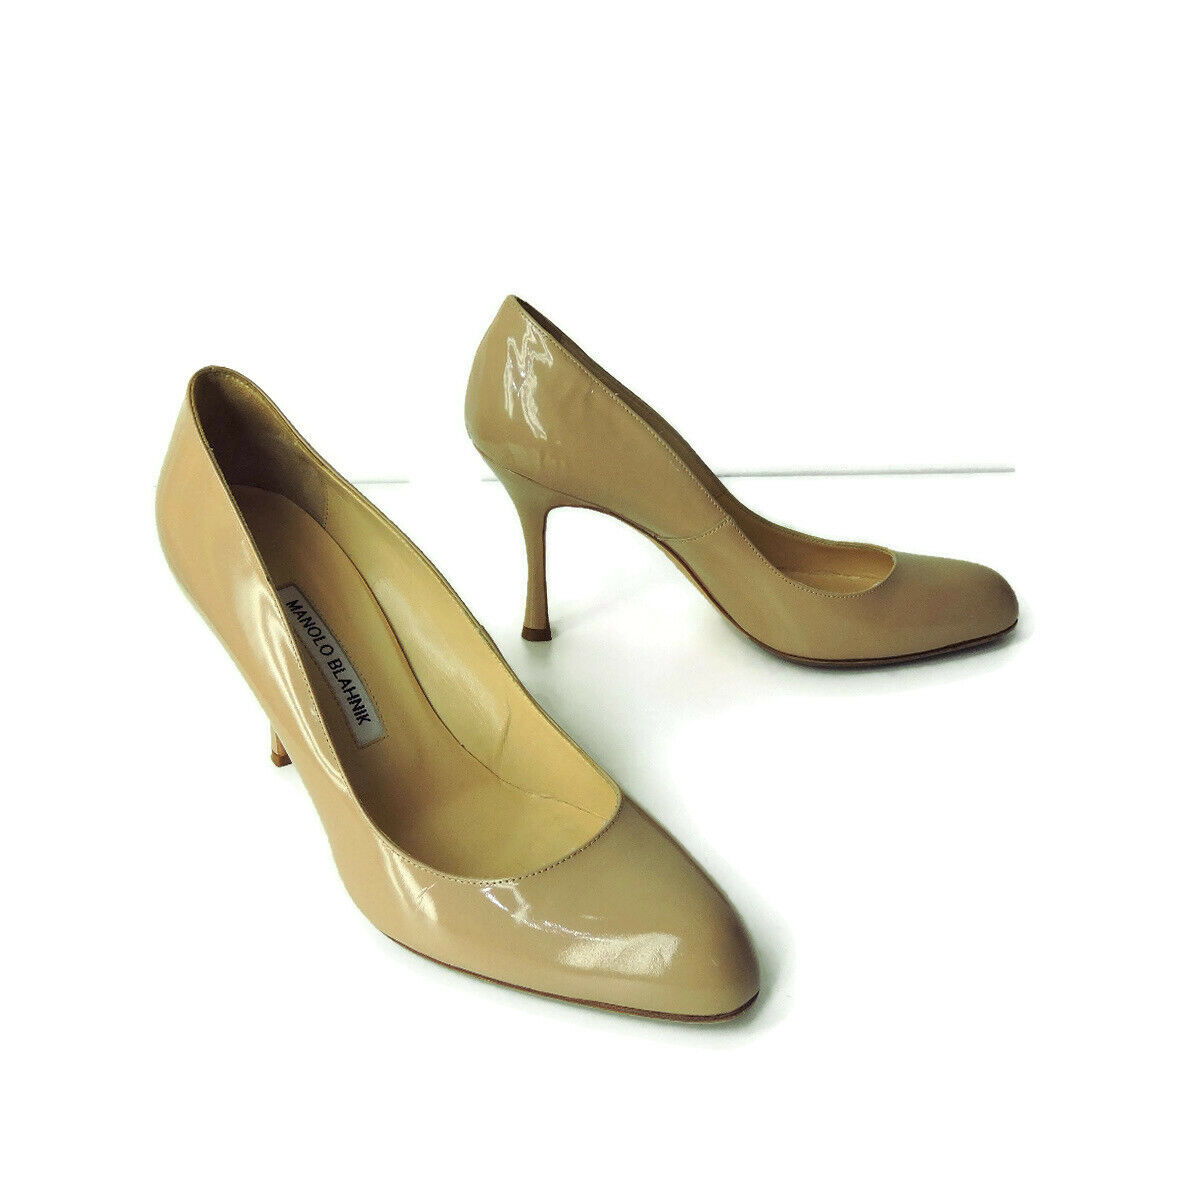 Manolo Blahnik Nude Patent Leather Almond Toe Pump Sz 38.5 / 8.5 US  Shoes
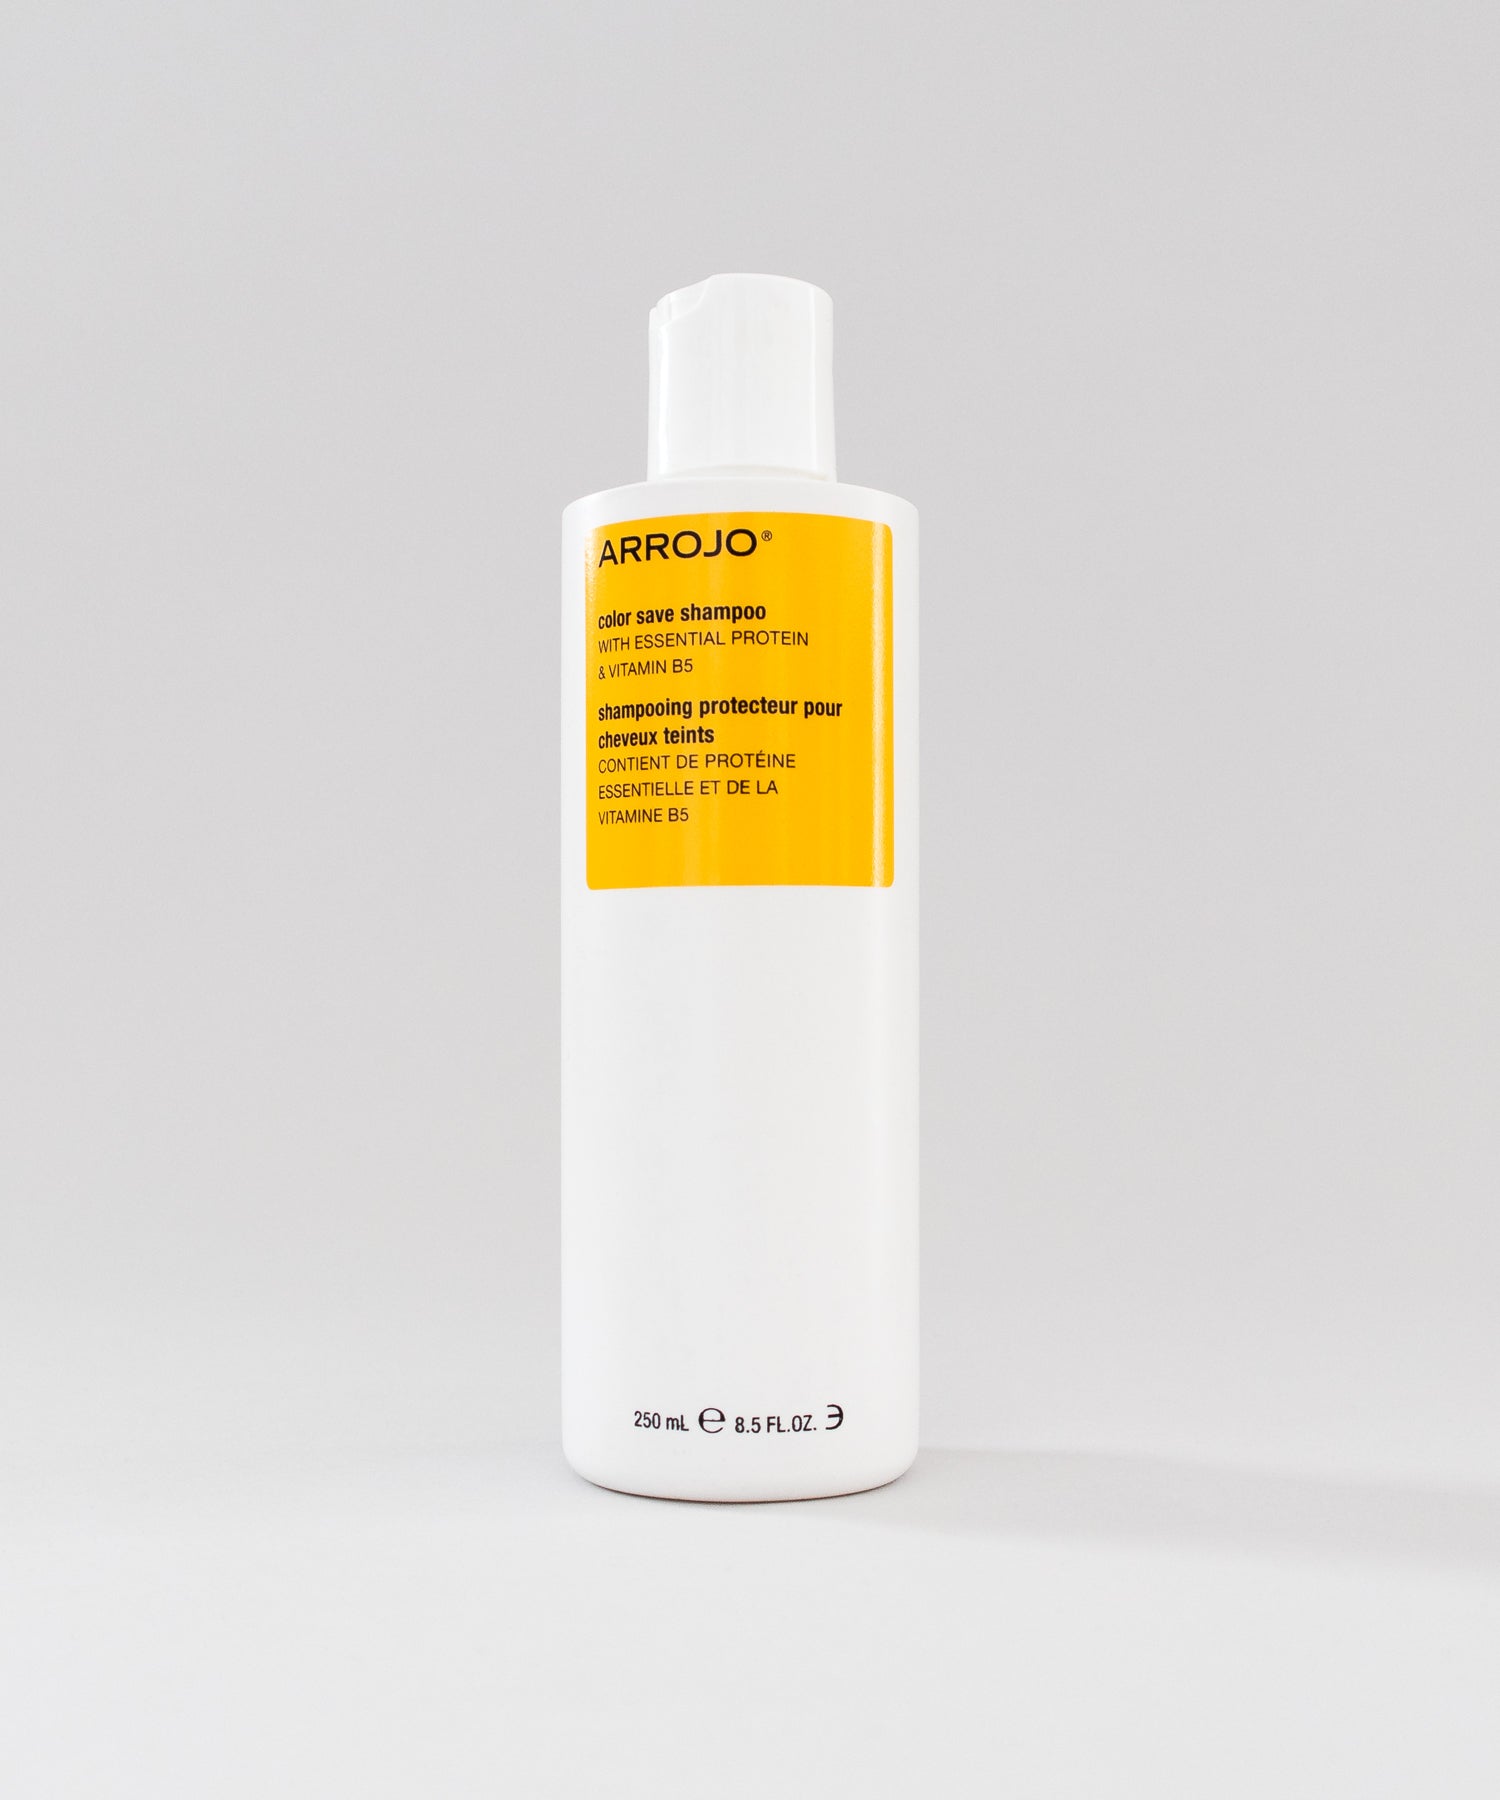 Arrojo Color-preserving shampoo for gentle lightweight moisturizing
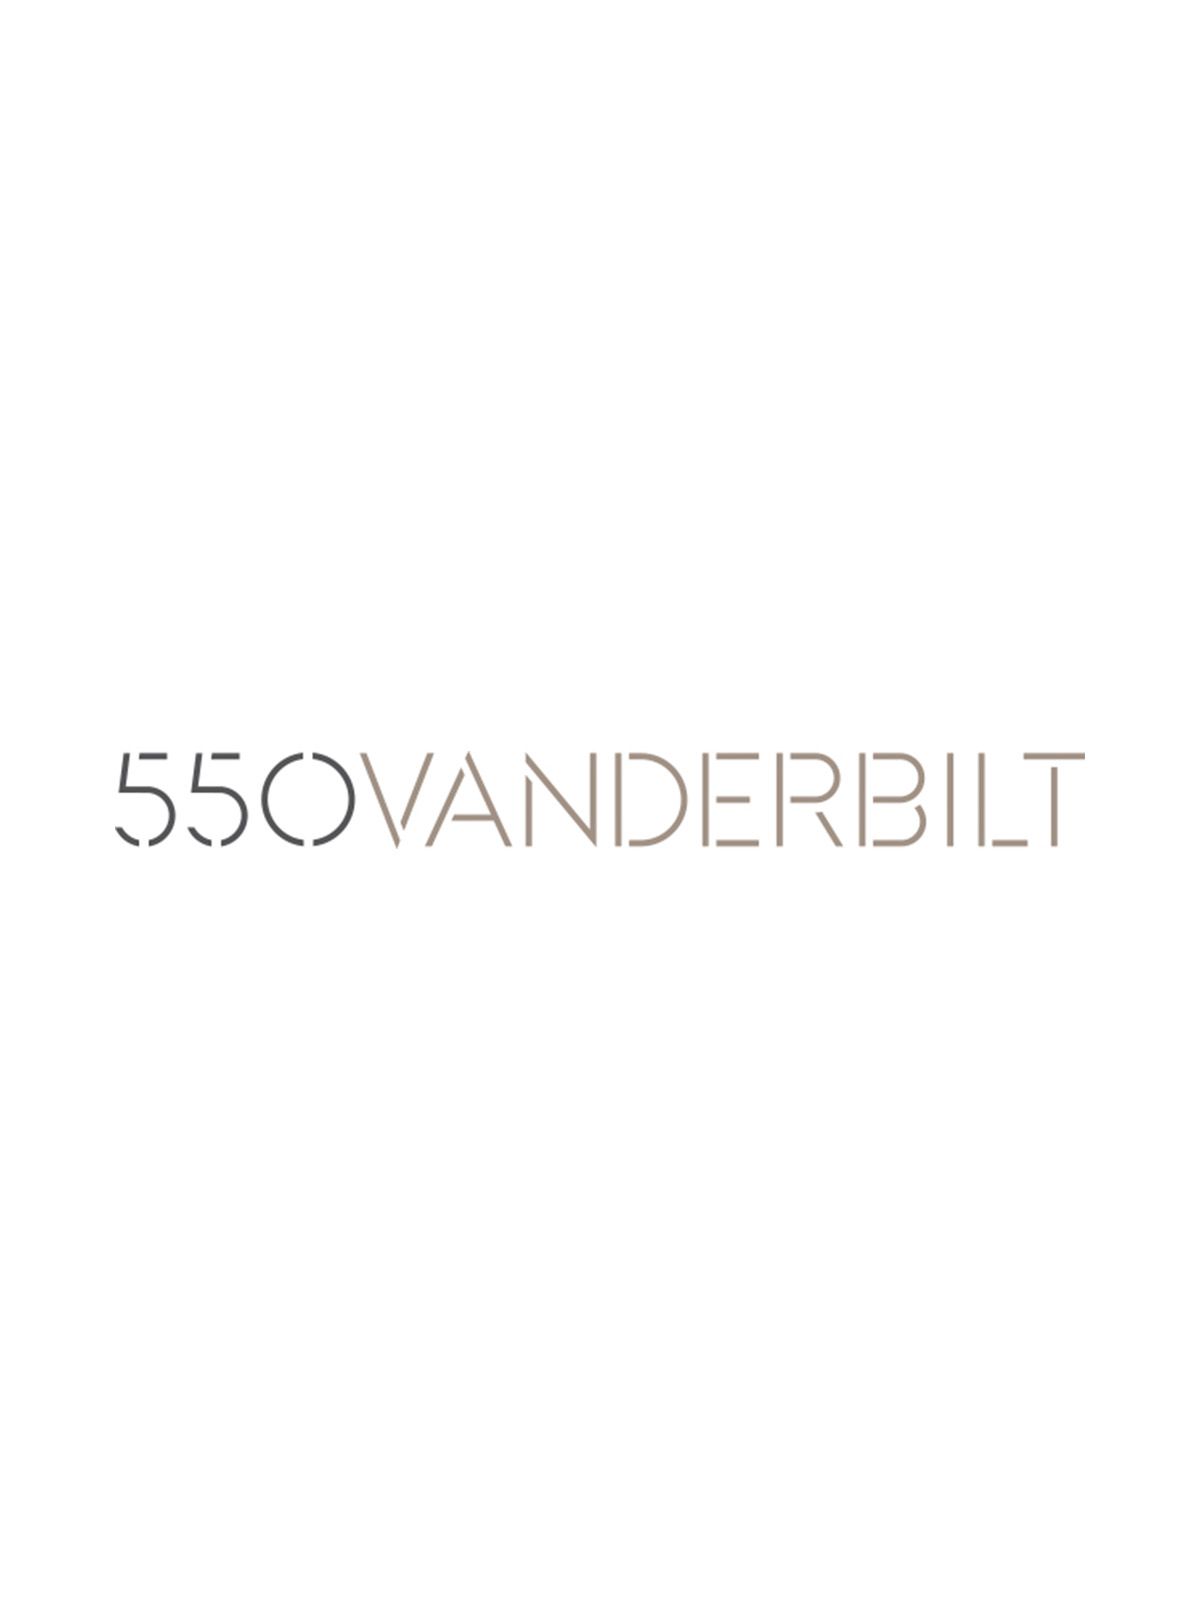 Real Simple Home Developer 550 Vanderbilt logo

• **TO DO**
Retype precisely, and only, the lines from the one holding "Arrojo Color-preserving shampoo" through the final line of the data above, with the pictures omitted.

• **ANSWER SPACE**
 Arrojo Color-preserving shampoo for gentle lightweight moisturizing
 Real Simple Home Developer 550 Vanderbilt logo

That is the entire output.